In the third quarter of 2009, we have determined that the manufacturing capacity in our gas products line which we had planned to idle earlier this year will continue normal production as we will not transition to vendor sourced manufacturing.
Due to their nature, the carrying value of cash, receivables, and payables approximates fair value.
8. Derivatives
We use forward foreign currency exchange contracts to hedge specific or anticipated exposures relating to intercompany payments (primarily U.S. export sales to subsidiaries at pre-established U.S. dollar prices), intercompany loans and other specific and identified exposures. The terms of the forward foreign currency exchange contracts are matched to the underlying transaction being hedged, and are typically under one year. Because such contracts are directly associated with identified transactions, they are an effective hedge against fluctuations in the value of the foreign currency underlying the transaction.
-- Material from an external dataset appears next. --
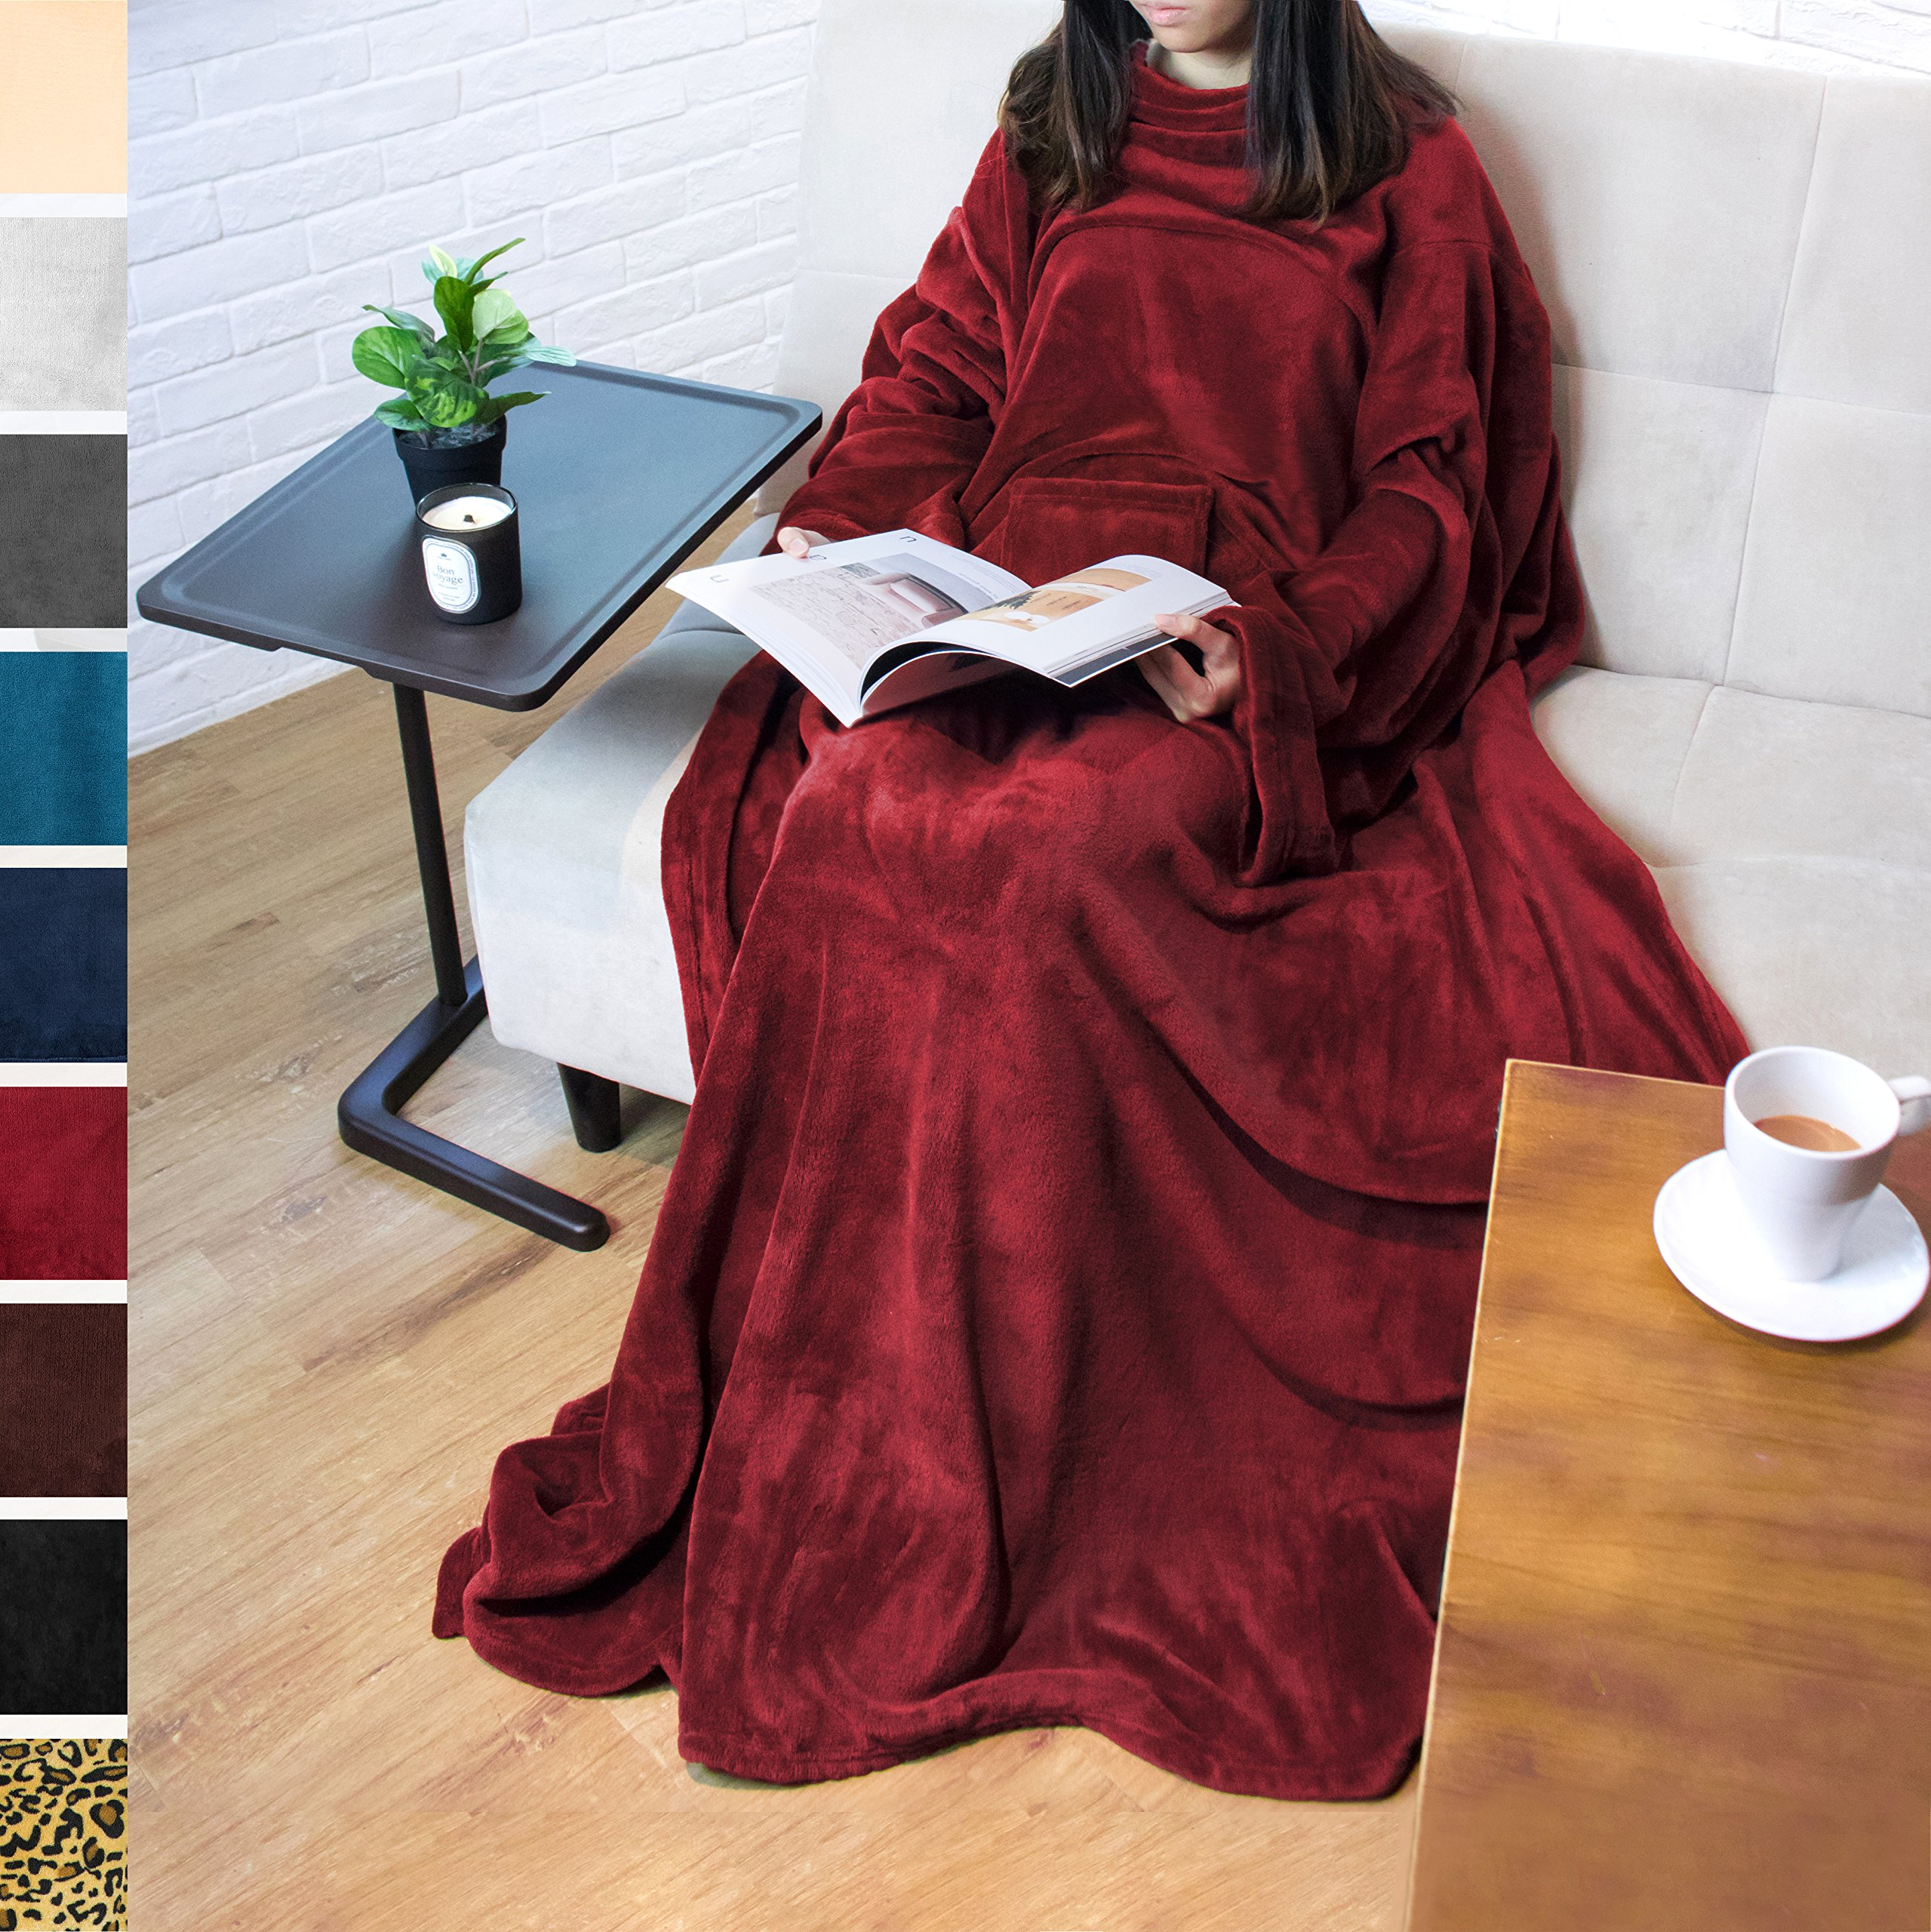 PAVILIA Premium Fleece Blanket with Sleeves for Adult, Women, Men | Warm, Cozy, Extra Soft, Microplush, Functional, Lightweight Wearable Throw (Wine, Regular Pocket)

Changes in the fair value of derivatives designated as fair-value hedges are recognized in earnings as an offset to the change in the fair values of the underlying exposures being hedged. The changes in fair value of derivatives that are designated as cash-flow hedges are deferred in accumulated other comprehensive income (loss) and are recognized in earnings as the underlying hedged transaction occurs. Any ineffectiveness is recognized in earnings immediately. We do not enter into derivative instruments for trading or speculative purposes and all of our derivatives were highly effective throughout the periods reported. At September 30, 2009, we did not have any cash flow hedges outstanding.
Counterparties to forward foreign currency exchange contracts are major banking institutions with credit ratings of investment grade or better and no collateral is required. There are no significant risk concentrations. We believe the risk of incurring losses on derivative contracts related to credit risk is remote.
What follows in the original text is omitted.